Quienes han rastreado el ámbito familiar de la vida de Saint-Exupéry aseguran que sus parientes nunca dejaron que Consuelo ingresara a su círculo de confianza. Ser extranjera, haber tenido dos matrimonios y un divorcio previos a su casamiento con el aviador, le valieron el maltrato y el perpetuo recelo de los familiares del escritor. «Un miembro de la familia Saint-Exupéry me dijo que casarse con una extranjera era considerado peor que casarse con una judía», cuenta el periodista inglés Paul Webster, uno de los autores que más minuciosamente ha investigado la figura de Consuelo. «La cuñada de Saint-Exupéry la describió como una ‘mujerzuela’», añade Webster.
La propia Consuelo escribió un libro (La memoria de la rosa) contando que su marido no había sido ningún santo como pensaba todo el mundo. En esas páginas le reprocha sus numerosas ausencias en casa, así como sus incontables infidelidades a lo largo de los trece años que duró el matrimonio; además lo tacha de egoísta e infantil, llamándolo «cruel, negligente, avaro y derrochador». Consuelo murió sin animarse a enviarlo a ninguna editorial, pero un discípulo suyo rescató el texto original y lo publicó nada menos que en el 2000, justo cuando en Francia se alistaban las celebraciones por el aniversario número 100 del nacimiento de Saint-Exupéry. Para Paul Webster, ese libro «es el feo recuento de una viuda muy amargada».
Alguien podría pensar que las desavenencias maritales poco tienen que ver con las páginas más logradas de Saint-Exupéry. Sin embargo, los especialistas concluyen que El Principito, antes que un libro para niños, es una fábula que funciona como metáfora de la vida del escritor, de sus ansias de tranquilidad espiritual y, a la vez, como una alegoría de su abrumada vida con Consuelo. «Es un libro que escribió para pedir perdón a Consuelo, es un acto de contrición», ha dicho Marie-Helene Carbonel.

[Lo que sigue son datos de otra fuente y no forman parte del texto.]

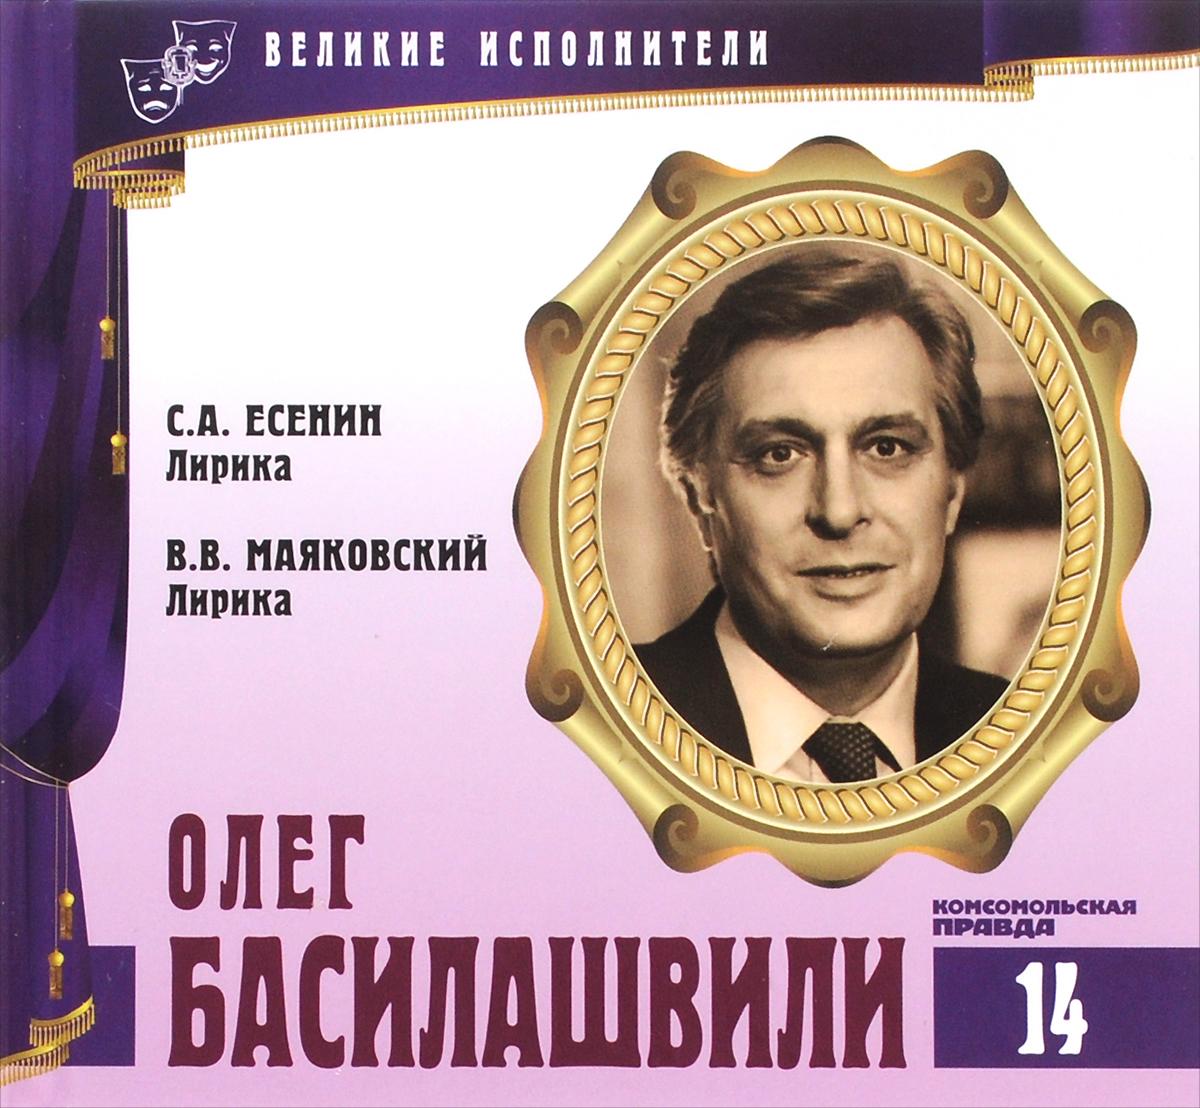 Великие исполнители. Том 14. С. А. Есенин. Лирика. В. В. Маяковский. Лирика (аудиокнига CD) ( 978-5-87107-320-9 )

¿Nos queda alguna lección de todo esto a los lectores? Sí: distinguir biografía de obra; separar la moral de los artistas de su producción estética; y valorar los libros, no por quienes los escribieron necesariamente, sino por cómo nos ayudaron y ayudan a cuestionar el mundo, a formularnos preguntas que nunca antes nos habíamos planteado. El Principito consigue esto último con creces, y ya solo por eso Antoine de Saint-Exupéry merece nuestra más rendida admiración.